Dataset content
=== Begin Enclosure ===

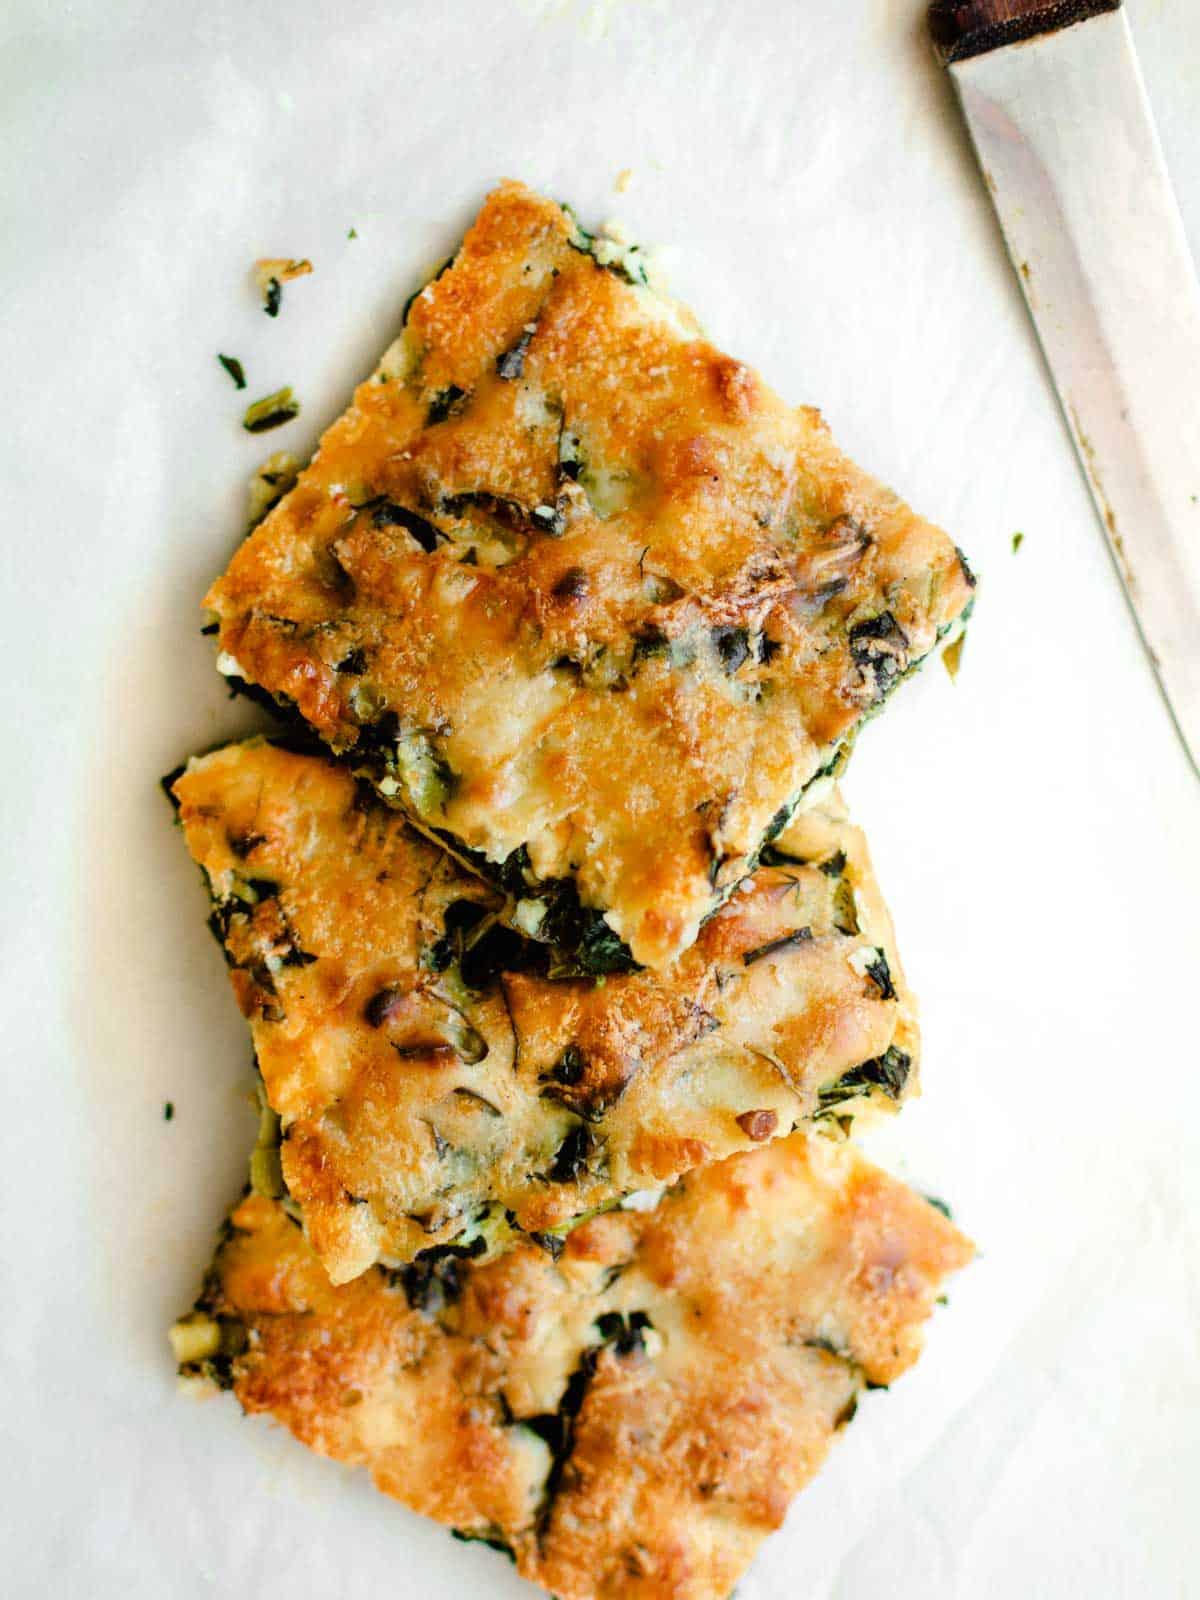 No Crust Spinach Pie
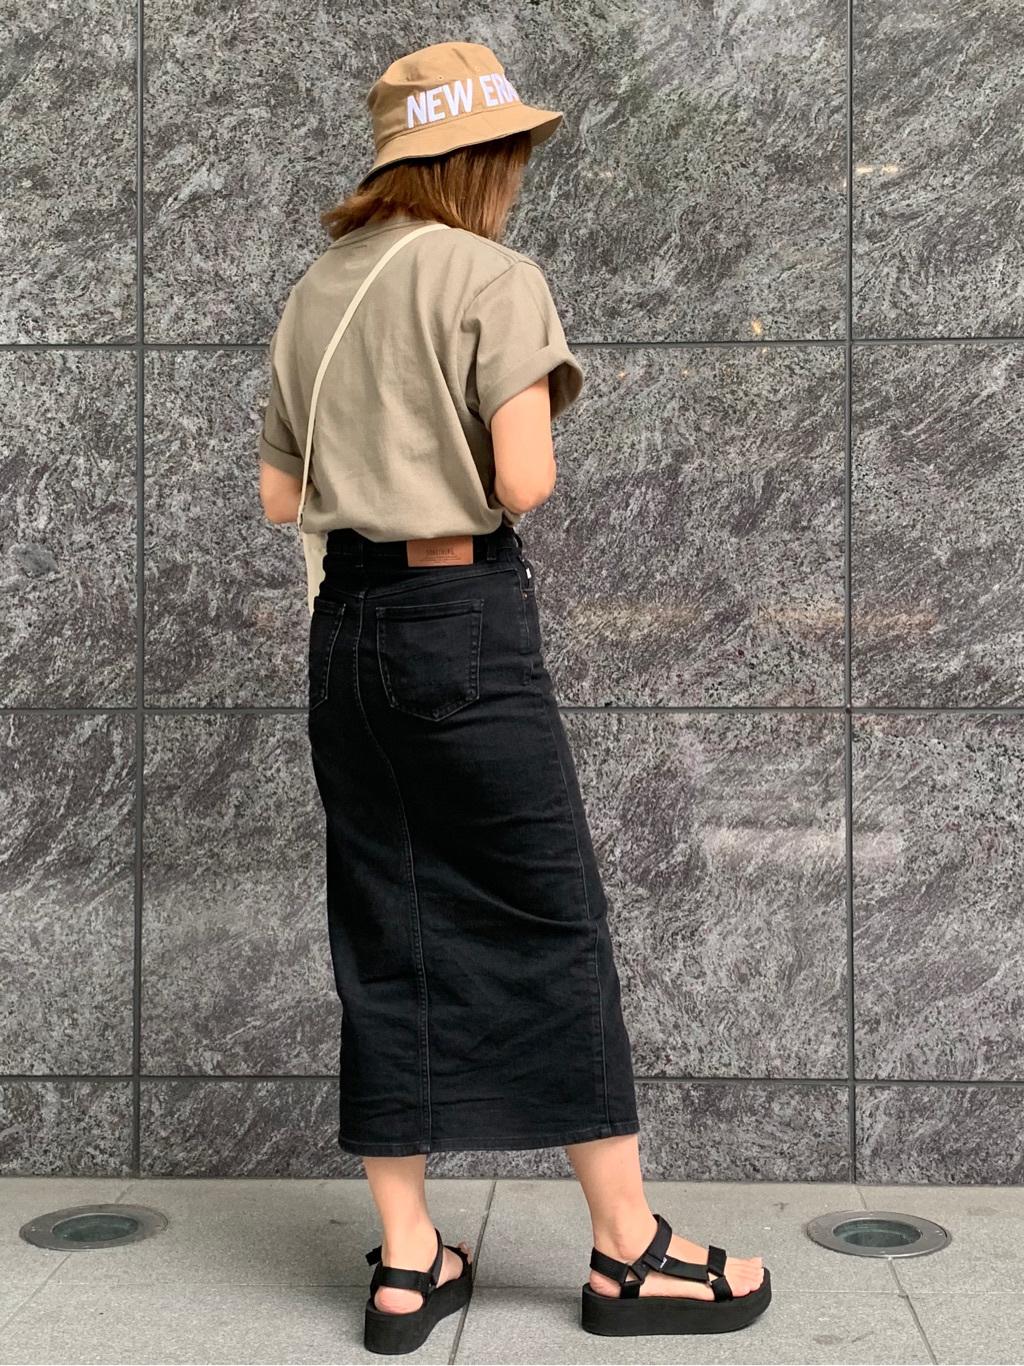 LINKS UMEDA店のYUKIさんのEDWINの【直営店限定】【親子コーデができる】クルーネックポケットTシャツ 半袖 【110-180cm】を使ったコーディネート
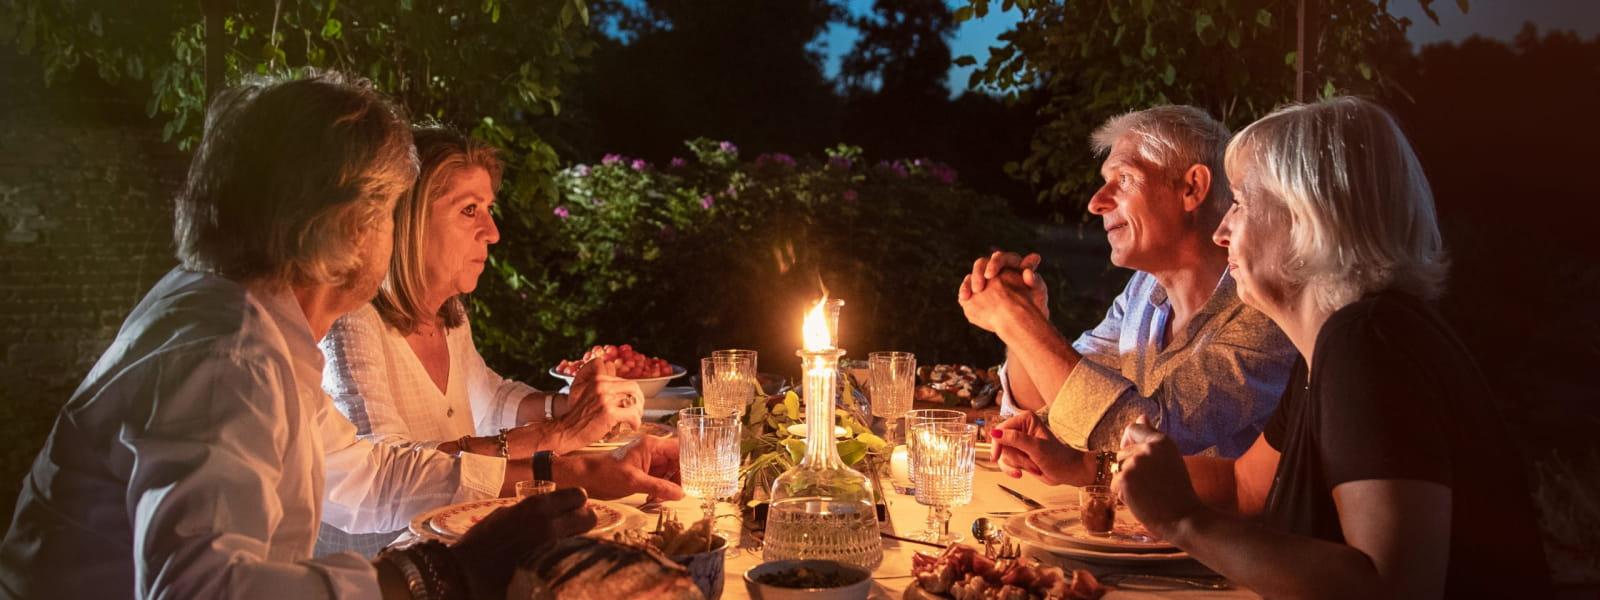 Amis qui discutent autour d'un repas au coucher de soleil

=== End Enclosure ===

Leaving the pictures out, set down all of the data again exactly.

Your response
 No Crust Spinach Pie
 LINKS UMEDA店のYUKIさんのEDWINの【直営店限定】【親子コーデができる】クルーネックポケットTシャツ 半袖 【110-180cm】を使ったコーディネート
 Amis qui discutent autour d'un repas au coucher de soleil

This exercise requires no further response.